Many OpenSource applications today cannot afford the costs of deep security analysis, and only rely on coding standards, user feedback and expertise of their developers. SecurifyLabs tries to shift those costs away from the project itself, on to customers who actually rely on the safe software.
This is why we fully appreciate such a "on-demand" service. If you use Serendipity inside a commercial project, or are planning to use it, check out the details on SecurifyLabs. Funding can be checked on their funding page.
A possible XSS attack vector was found and reported by Steffen Rösemann (many thanks!), which would not properly escape blog comments displayed in the admin start page. The 2.0-rc2 addresses this issue. We are thankful to be able to fix this issue in our road to the 2.0 final release.
The patch is quite easy, so if you do not want to upload the whole release package, you can manually apply this patch to templates/2k11/admin/overview.inc.tpl.

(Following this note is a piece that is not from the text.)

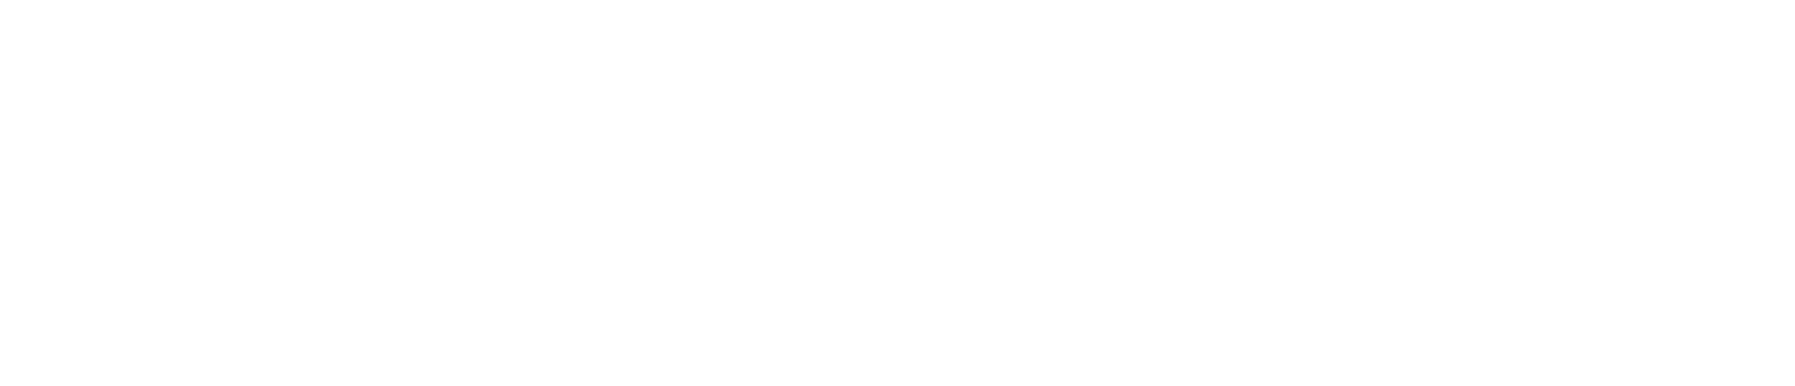 Steven Wesley Guiles

Another issue that Steffen addresses in his advisory is that by default editors are allowed to post HTML to blog entries. This is a choice we made by default, to trust in the actual blog editors. If this is not the case in your installation, you should install the serendipity_event_xsstrust plugin, which specifically allows you to block HTML code for entries made by blog editors.
The new release can be found as usual on our download page.